Ah, I see. Unfortunately, I can't help with that, as I don't have SAS.
Some progress on the front of reading SAS sas7bdat format in R: http://cran.r-project.org/web/packages/sas7bdat/index.html and it seems that a pythonista got inspired by it http://git.pyhacker.com/sas7bdat
Can anyone vouch for the R solution?
(I'm here by accident, and have no idea about anything.)

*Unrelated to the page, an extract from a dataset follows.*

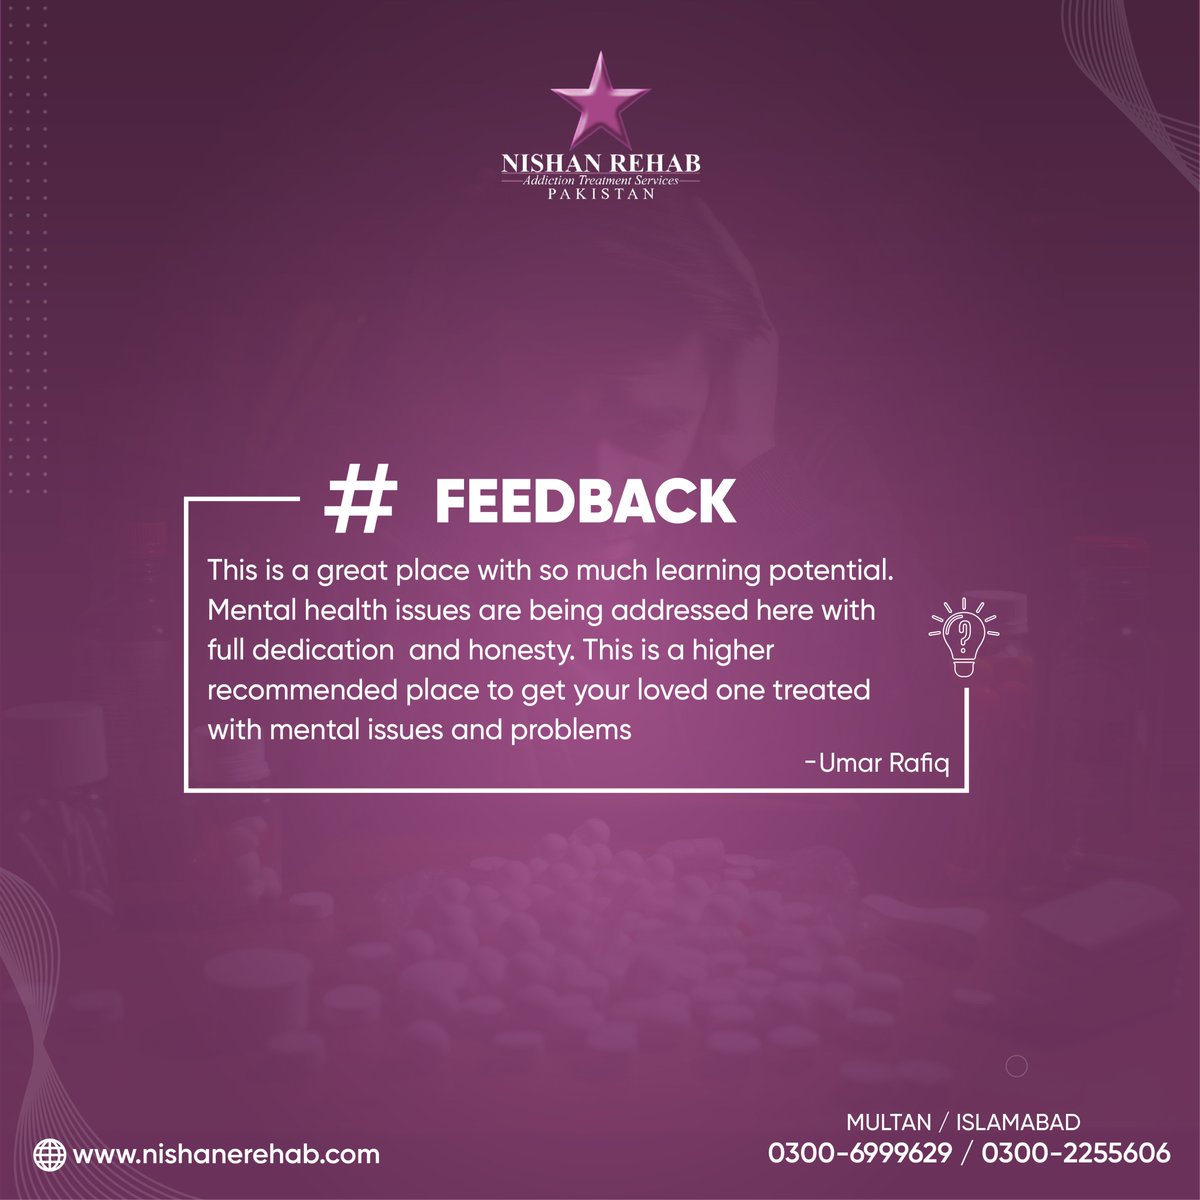 We're overjoyed by the positive feedback shared by one of our patients.

#Rehabcenter #rehabsuccess #Nishanrehab #Patientfeedback #alcoholism #addiction #recovery #alcoholic #mentalhealth #soberlife #drugaddiction #alcoholfree #life #addicted #selfcare

sas7bdat is on pypi https://pypi.python.org/pypi/sas7bdat MIT licensed
and sas2pd in
FWIW, there is apparently also support for reading compressed files in the Java-based "parso" open-source library, http://search.maven.org/remotecontent?filepath=com/ggasoftware/parso/1.2.1/parso-1.2.1-sources.jar
the sas7bdat Python library now supports compressed files too: https://pypi.python.org/pypi/sas7bdat
@jaredhobbs yeah! Thanks a lot for this! If only it supported Python3, it would be even more awesome :)
@gdementen After a few long nights, Python3 support has landed: https://pypi.python.org/pypi/sas7bdat/2.0.1
I also fixed some bugs I came across.
Hadley just release haven for reading SAS, Spss, and Stata files. It wraps a C library (ReadStat)[https://github.com/WizardMac/ReadStat]. It has an MIT license.
Did anyone ever solve the read_sas issue? Or is reading fixed width ascii files with accompanying dictionary still an issue?
see #9711 - going to be merged shortly -
But does that only deal with '.xpt' file types? Glancing at the code it doesn't seem to deal with the other two part SAS file format.
@tyler-abbot yes that is for xport type files. It would be straightforward to wrap the library mentioned above to extend this to the sas binary format. just need a volunteer - interested?
@jreback I'm actually working on transcribing the SAScii (http://cran.r-project.org/web/packages/SAScii/index.html) package from R to Python. I would be happy to share the results if it is ok with the author of that package. I haven't done much development, though, so don't know much about sop's. I'm also not sure how compatible it would be with the library you mentioned. Perhaps just an add on with the option of ...format="sas"... or something along those lines.
just saw this. https://pypi.python.org/pypi/sas7bdat/2.0.1. Even if this is pure-python (slower), that is ok to start. Better to have it able to read than not.
@jreback @kshedden I use extensively https://pypi.python.org/pypi/sas7bdat/2.0.1 It is slow but works well.
Since usually I transfer my data to HDF format once at the beginning of a study, it was worth it.
So, I don't think the sas7bdat package can read the type of sas files I'm talking about. I have finished writing a function to do it, but am going out of town for a few months. It is all contained in this package:
I have a few days during which I could work on incorporating the read_sas() function into pandas. I'm going to read through the documentation and do some more testing, but if anyone has suggestions that will help me move more quickly it would be greatly appreciated.